Lab #6: Tweaking Classifiers¶

DUE: Monday 2/22 11:59pm

HOW/WHAT TO SUBMIT: All files should be submitted through WebSubmit. Only one of your team members needs to submit on behalf of the team. On the WebSubmit interface, make sure you select compsci216 and the appropriate lab number. You can submit multiple times, but please have the same team member resubmit all required files each time. To earn class participation credit, submit a text file team.txt listing members of your team who are present at the lab. To earn extra credit for the lab challenge (Part 2), you must get your solutions to all parts of the lab checked off in class, but there is no need to submit anything.

0. Getting Ready¶

To get ready for this lab, fire up your virtual machine and enter the following command:

/opt/datacourse/sync.sh

This command will download the files which we are going to use for this homework.

Next, type the following commands to create a working directory for this homework. Here we use lab06 under your shared directory, but feel free to change it to another location.

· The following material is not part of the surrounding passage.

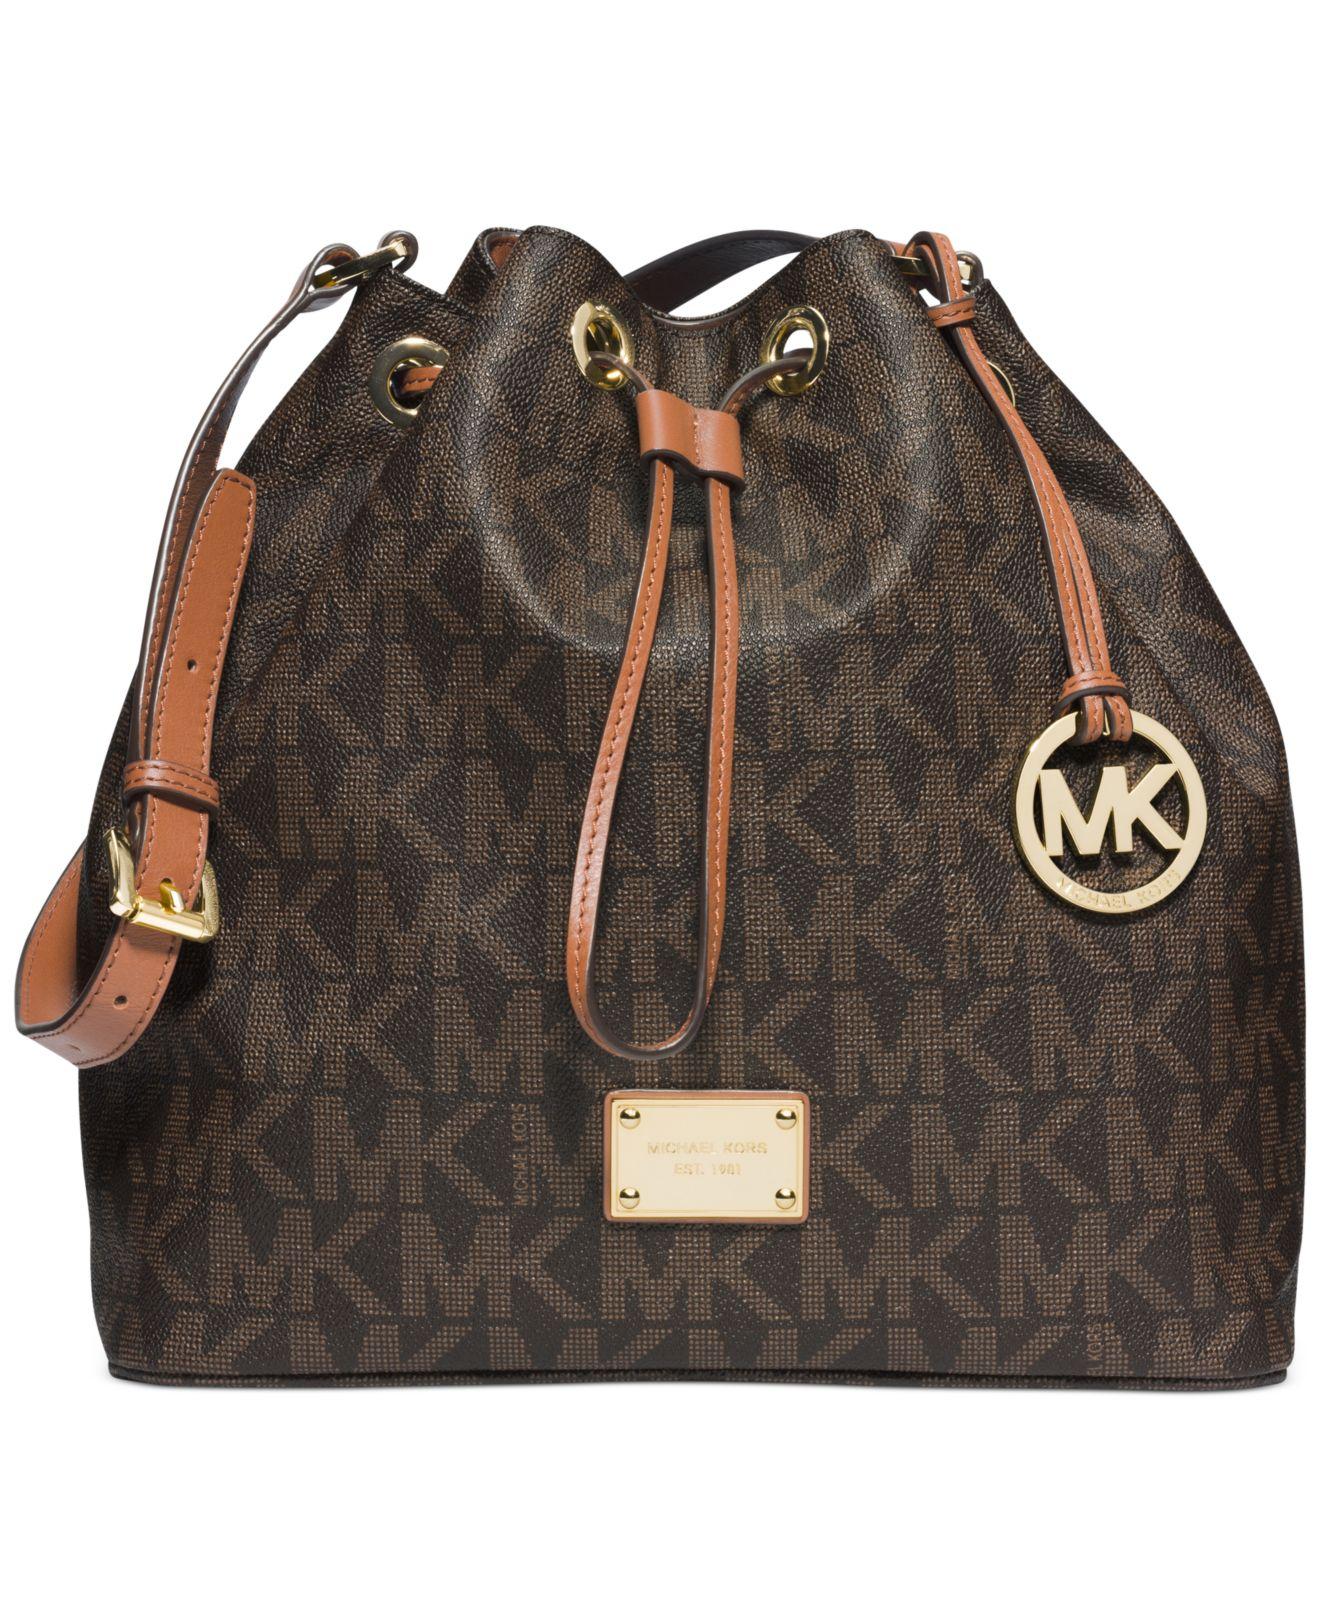 0b7842ad00d152 Michael Kors Michael Jules Large Drawstring Shoulder Bag in Brown - Lyst

cp -pr /opt/datacourse/assignments/lab06/ ~/shared/lab06/
cd ~/shared/lab06/

1. Selecting Votes as Features for Party Classification¶

We are going to continue with Homework #6, Part 2, where we predict the party affiliation of Representatives based on the votes they cast in 2014. The subdirectory congress/ contains a complete implementation of a Bernoulli Naive Bayes classifier. To get ready, run:

cd ~/shared/lab06/congress/
python prepare.py

The feature extraction code has been extended to read in an SQL file pick.sql, which selects a (pretty arbitrary) subset of 10 votes as features to be used for prediction (instead of using all hundreds of votes cast in 2014. Run the classifier, and you will notice that it still performs pretty well with just these 10 features:

python classify.py

Your job is to modify pick.sql to select 10 votes as features such as the classifier will perform very poorly with these 10 votes. The query must return 10 vote ids, and they must be for votes cast by the House in the 2014 session. (Whenever you modify pick.sql, you just need to rerun classify.py; there is no need to rerun prepare.py.)

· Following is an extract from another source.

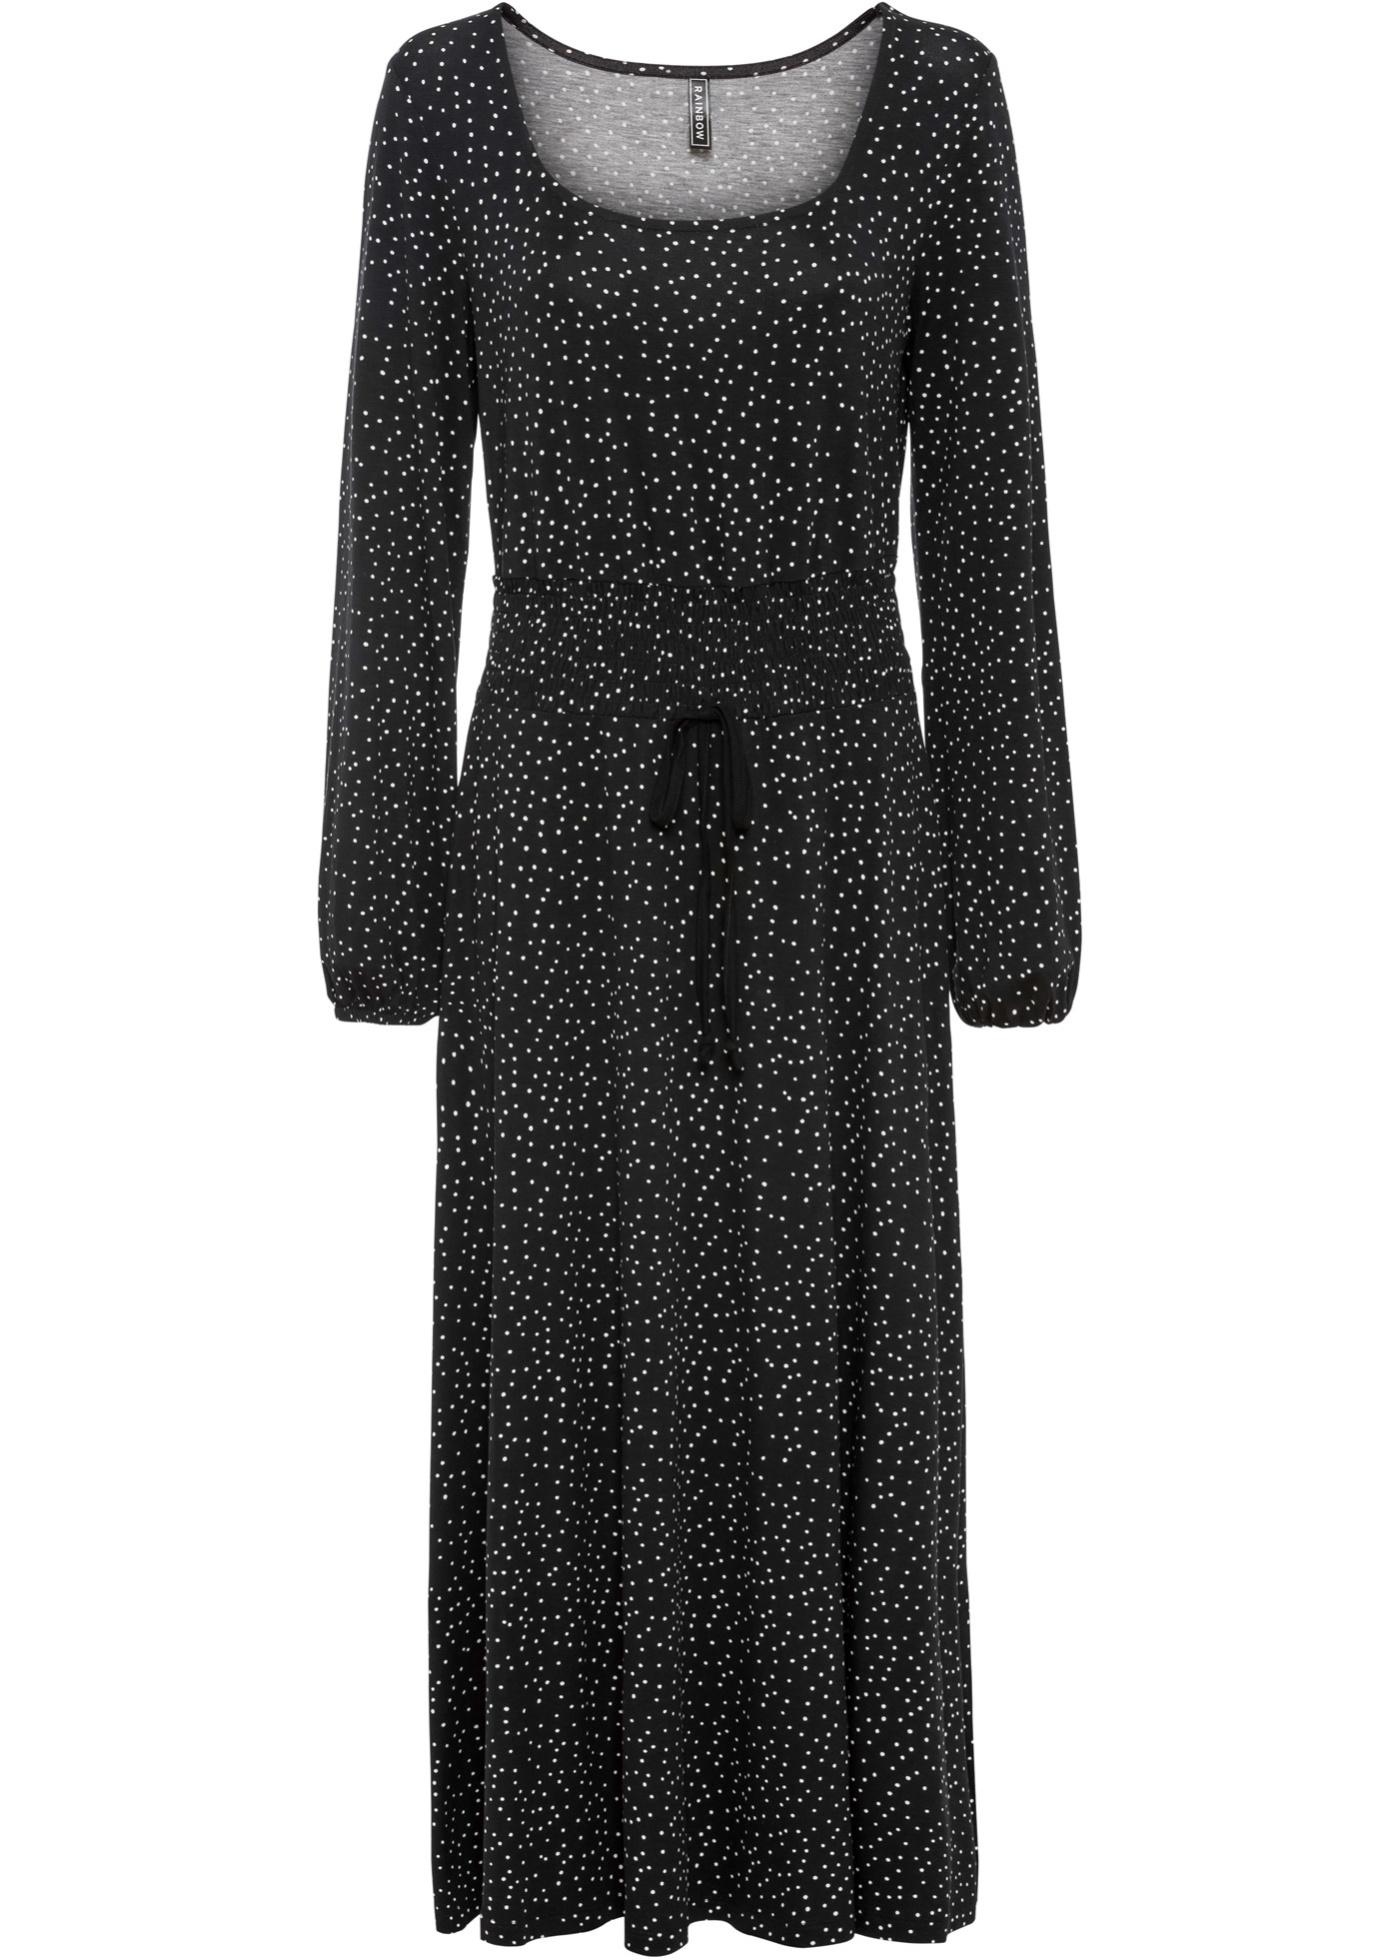 Levné Žerzejové šaty   Černá barva šatů

Raise your hands to have your answer checked by the course staff when you the classifier to perform poorly. Explain, intuitively, why your choice leads to poor accuracy. You get extra credit worth of 5% of a homework grade, if your classifier's accuracy is below 70%. The team who achieves the lowest accuracy the fastest will also win a prize.

2. Newsgroup Classification Challenge¶

We use the textual contents of the messages to predict which newgroups the messages were posted to. For the purpose of this exercise, we limit ourselves to six newsgroups on the following subjects:

cryptography
medical
electronics
space
politics, mideast
politics, misc

We have several options for classification. Your job is to explore these options and find the best one for our task at hand. Our measure of classifier performance is the F-measure, or the harmonic mean of precision and recall. The higher the F-measure the better.

You can run the classification algorithm using the following command:

cd ~/shared/lab06/newsgroups/
python classify.py

You will see our default 1NN classifier. The f1-score (F-measure) is just 0.332. Not very impressive, is it?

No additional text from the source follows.